An Ozempic Relative Slowed Parkinson’s Disease in a Small Study

In 1817, James Parkinson expressed a hope about the disease that is named after him. He thought that at some point there would be a discovery and “the progress of the disease may be stopped.”

Now, nearly 200 years since Parkinson expressed his hope, and after four decades of unsuccessful clinical trials, a group of French researchers reports the first glimmer of success — a modest slowing of the disease in a one-year study.

And the drug they used? A so-called GLP-1 receptor agonist, similar to the wildly popular drugs Ozempic, for diabetes, and Wegovy, for obesity.

As many as half a million Americans have been diagnosed with Parkinson’s disease, a degenerative brain illness second only to Alzheimer’s in prevalence.

Symptoms include tremors, slowness and stiffness, and difficulty with balance. That can lead to difficulty walking, talking and swallowing. Many patients develop dementia.

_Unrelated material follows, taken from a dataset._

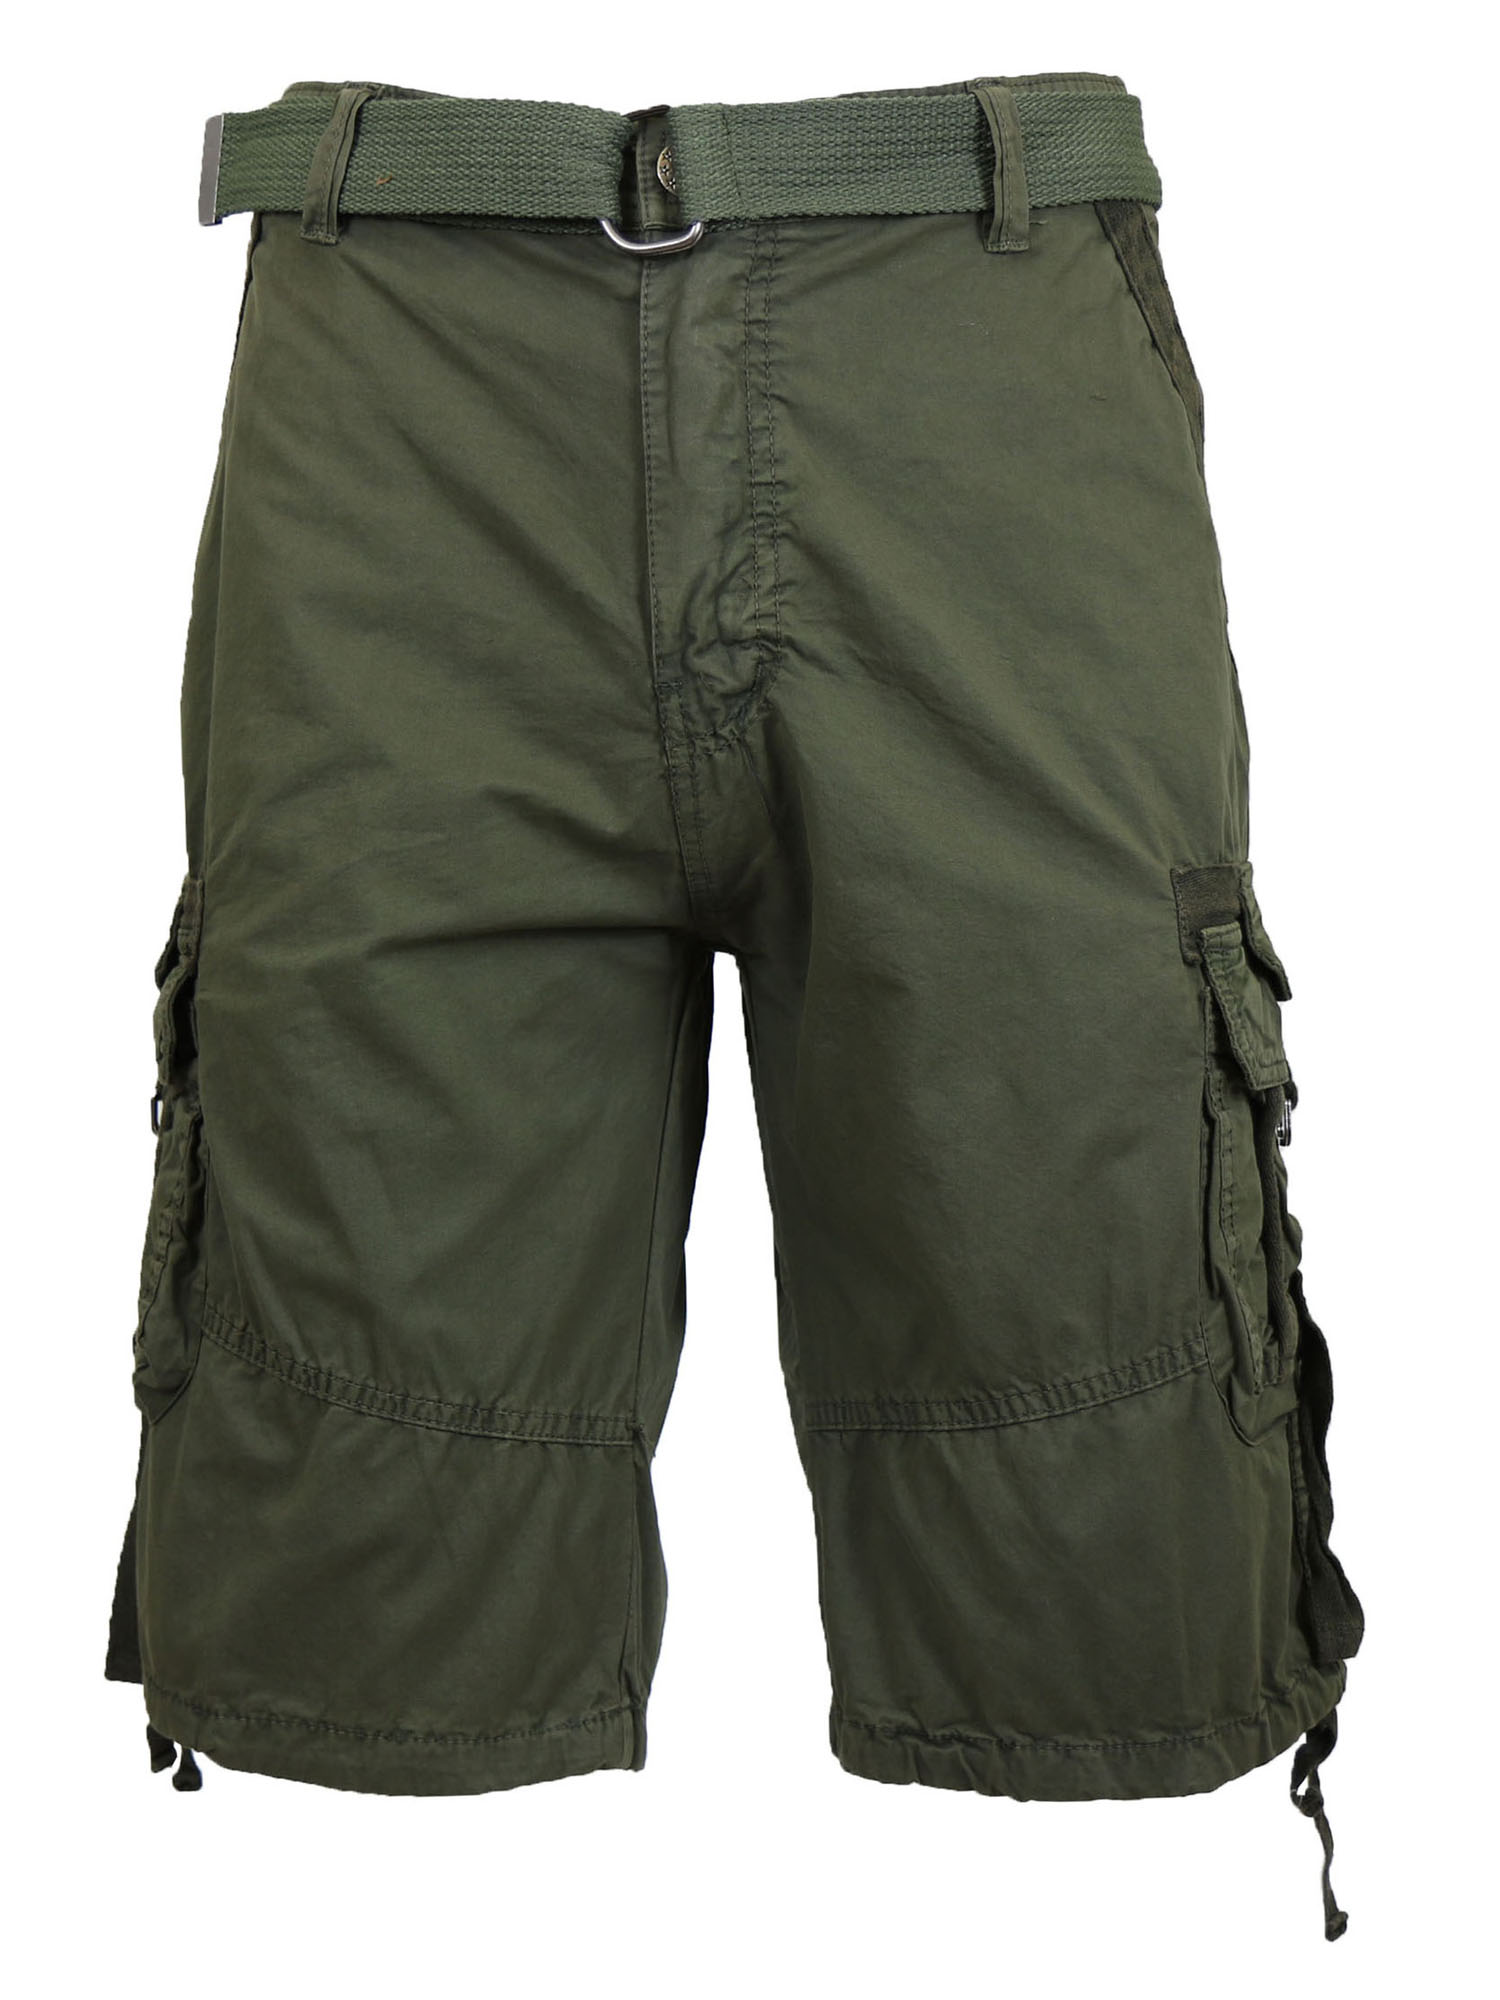 Men's Distressed Vintage Belted Cargo Utility Shorts (Size 30-48) - image 1 of 4

But there are drugs and treatments, like deep brain stimulation, that help, said Dr. David Standaert, a Parkinson’s expert at the University of Alabama at Birmingham.

“You will look and feel much better,” Dr. Standaert said. The problem is that the disease inexorably progresses.

“When you get five or 10 years into Parkinson’s, a lot of problems emerge,” he said.

The new study gave researchers cautious hope.

It is not a slam dunk, but it is “nibbling at the edges of disease modification,” said Dr. Michael S. Okun, a Parkinson’s disease expert at the University of Florida who was not involved in the study.

Dr. Standaert, who also was not involved in the trial, said it was “a really encouraging step forward.”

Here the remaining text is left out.